#### [DATA SECTION]
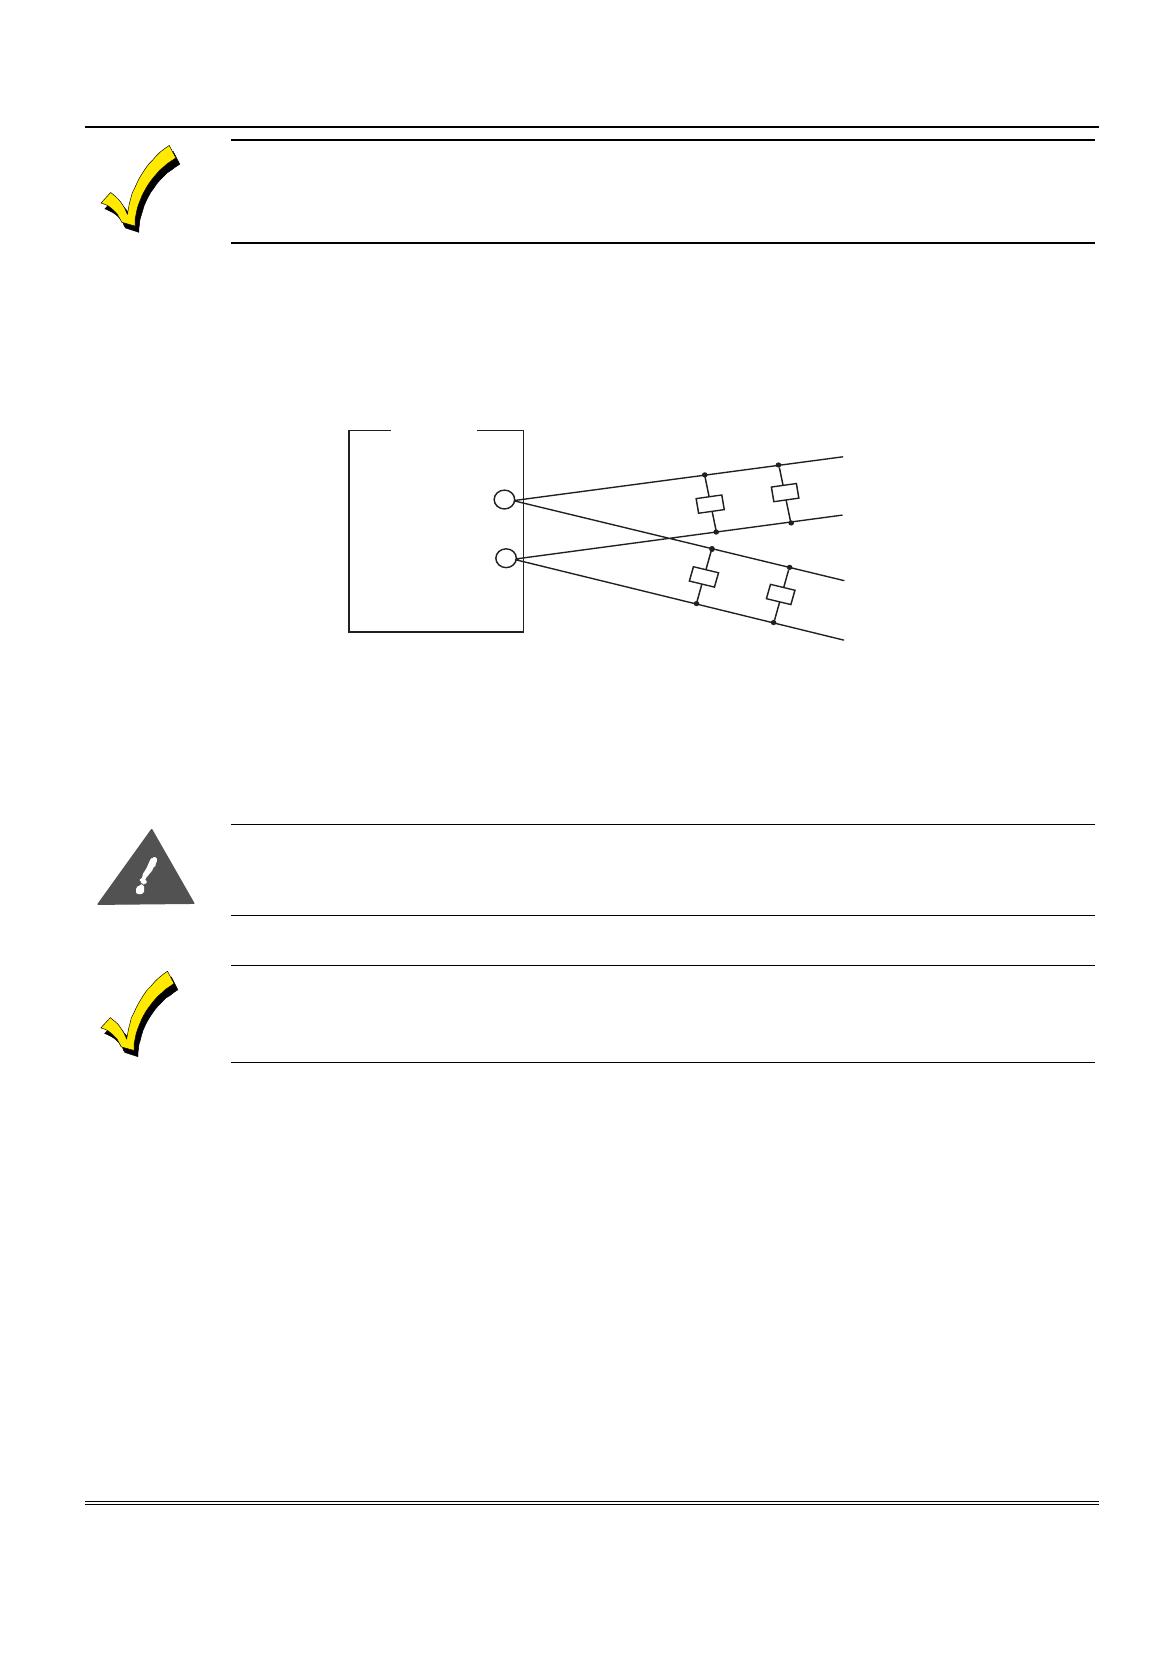 Gentex Mirror Wiring Diagram 352 Fuse Box 10 Pin On V128fbii Vista 128fb V1 Installation Manual
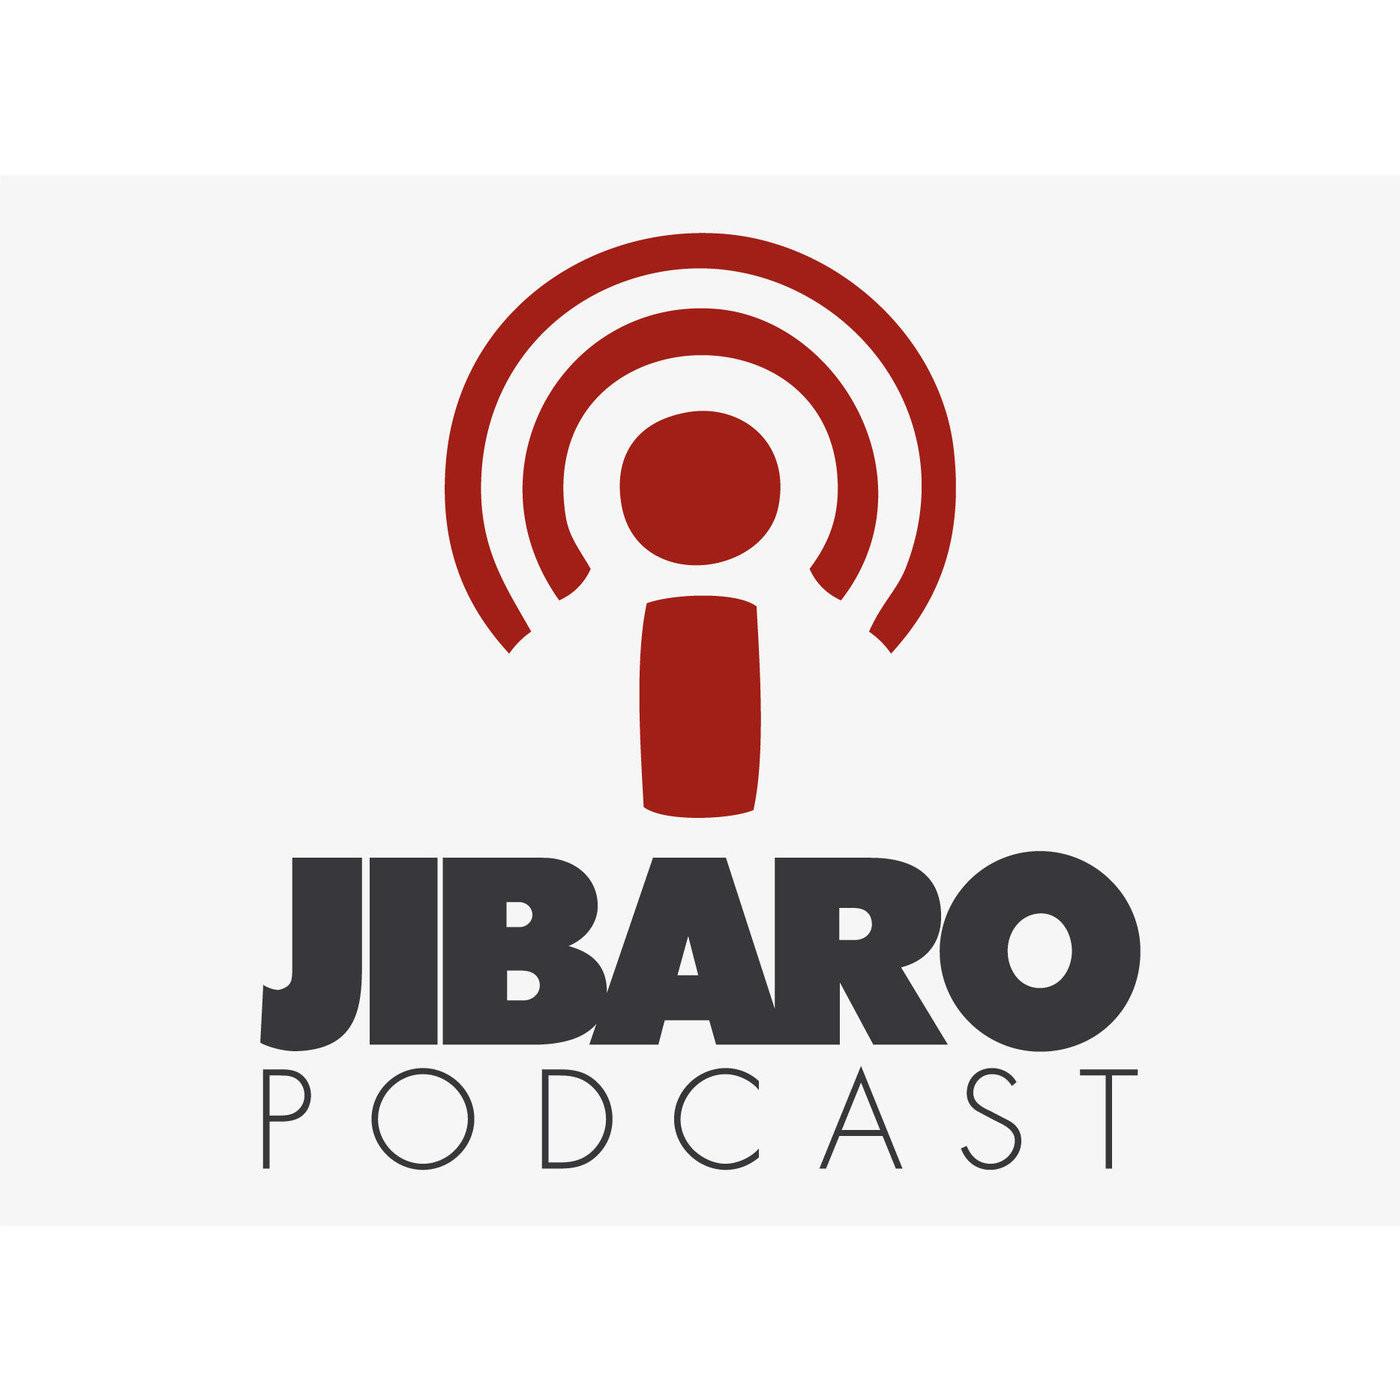 Jibaro Podcast
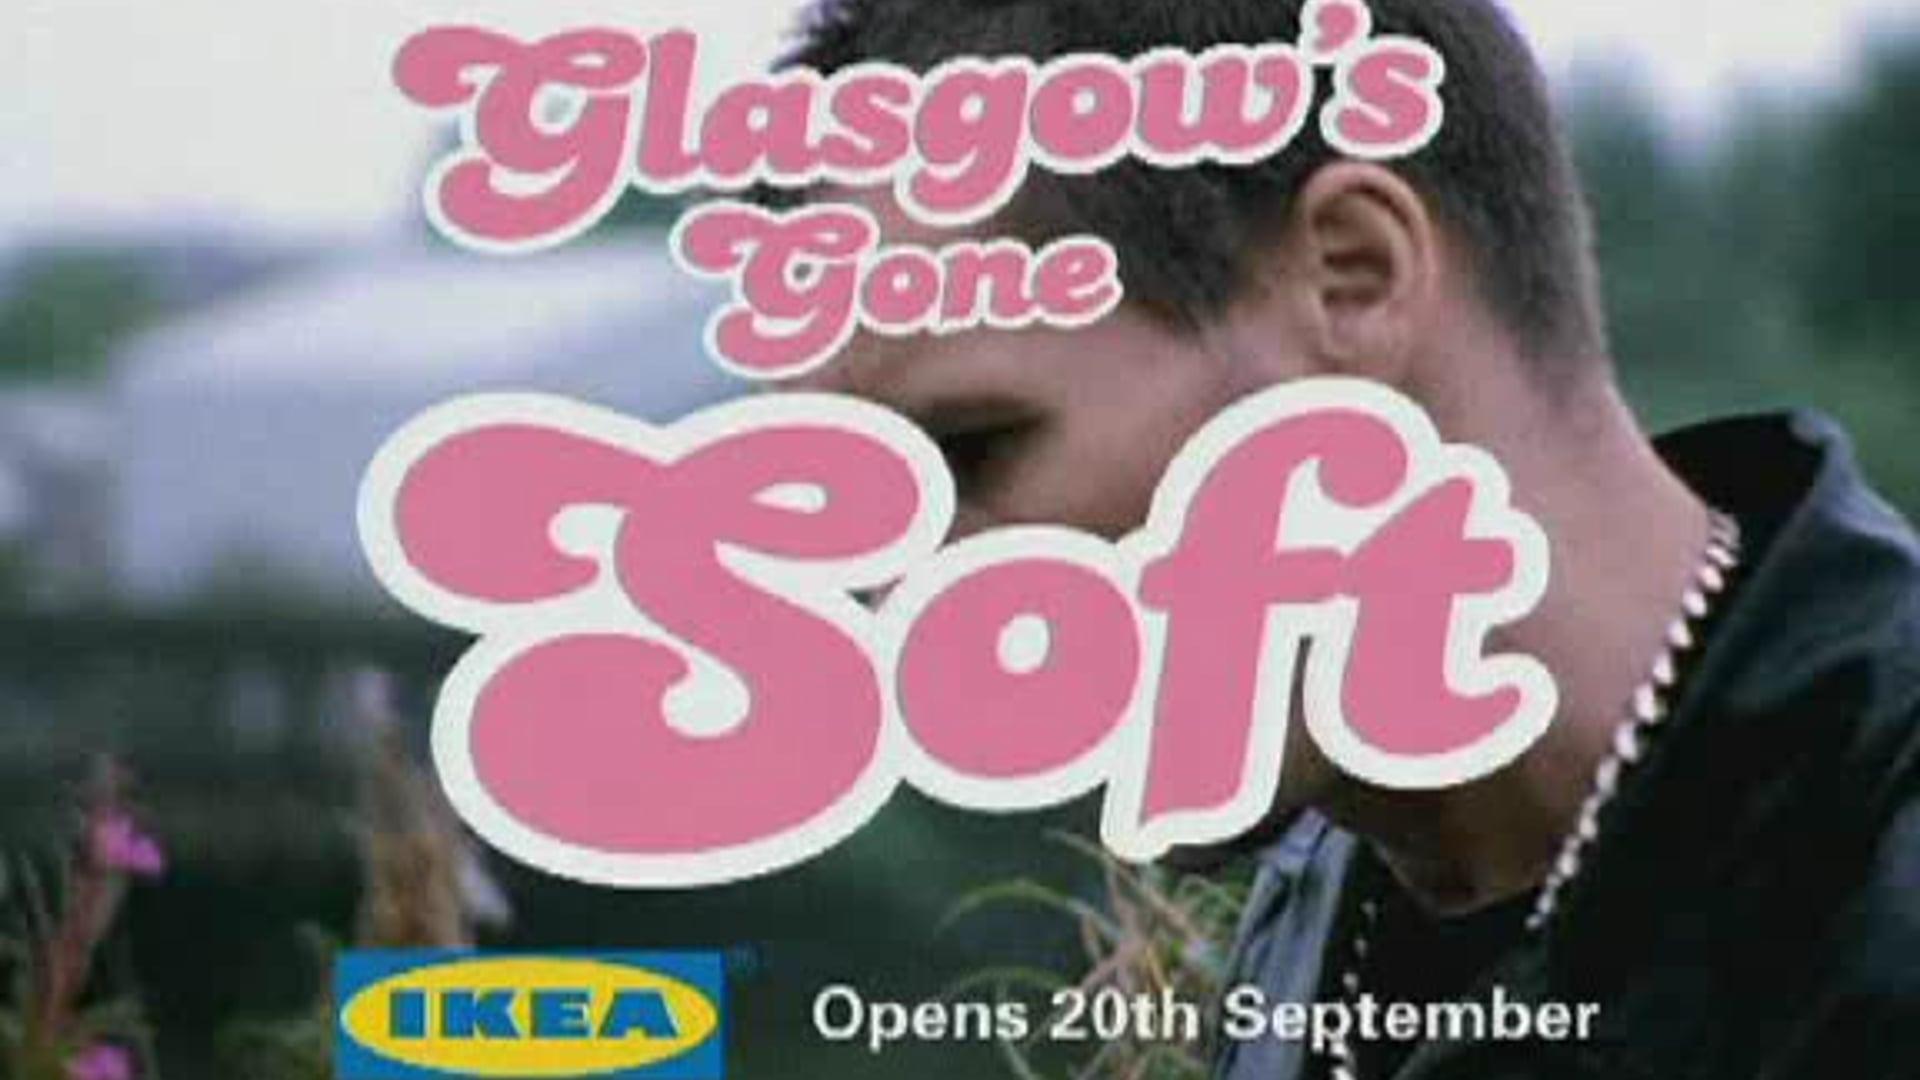 IKEA - Glasgow Launch
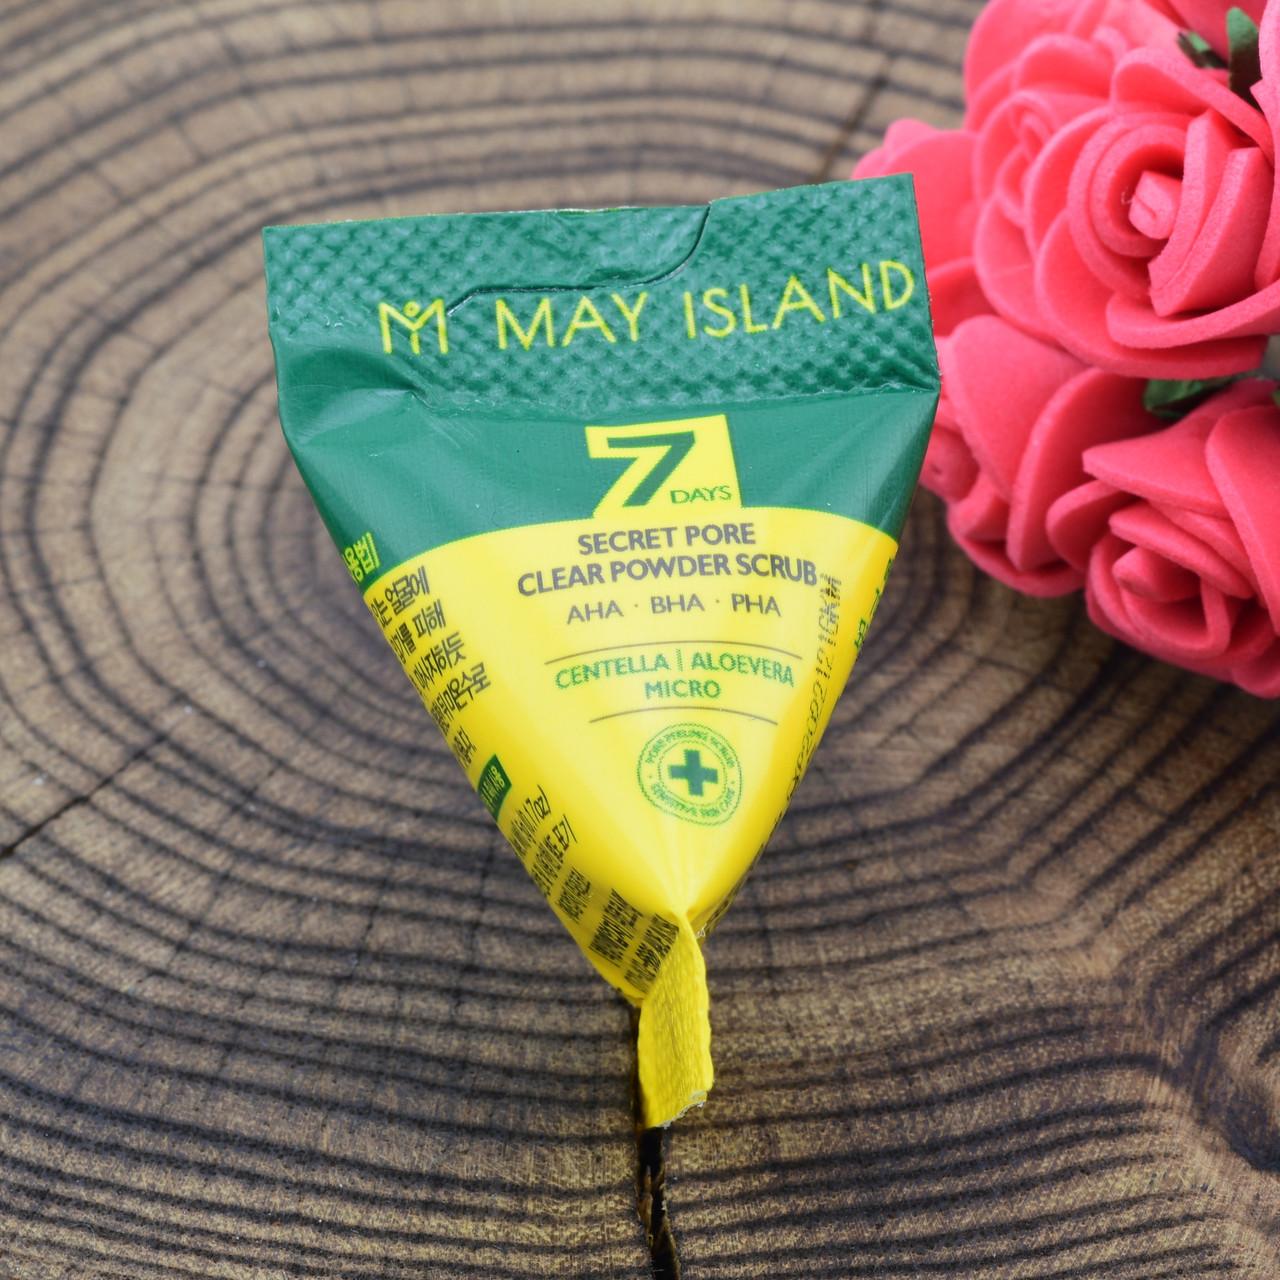 Скраб для очищения пор May Island с кислотами и центеллой 7Days Secret Pore Clear Powder Scrub

#### [TASK]
Could you reproduce all of the material exactly? Keep the pictures out of it.

#### [ANSWER SECTION]
 Gentex Mirror Wiring Diagram 352 Fuse Box 10 Pin On V128fbii Vista 128fb V1 Installation Manual
 Jibaro Podcast
 IKEA - Glasgow Launch
 Скраб для очищения пор May Island с кислотами и центеллой 7Days Secret Pore Clear Powder Scrub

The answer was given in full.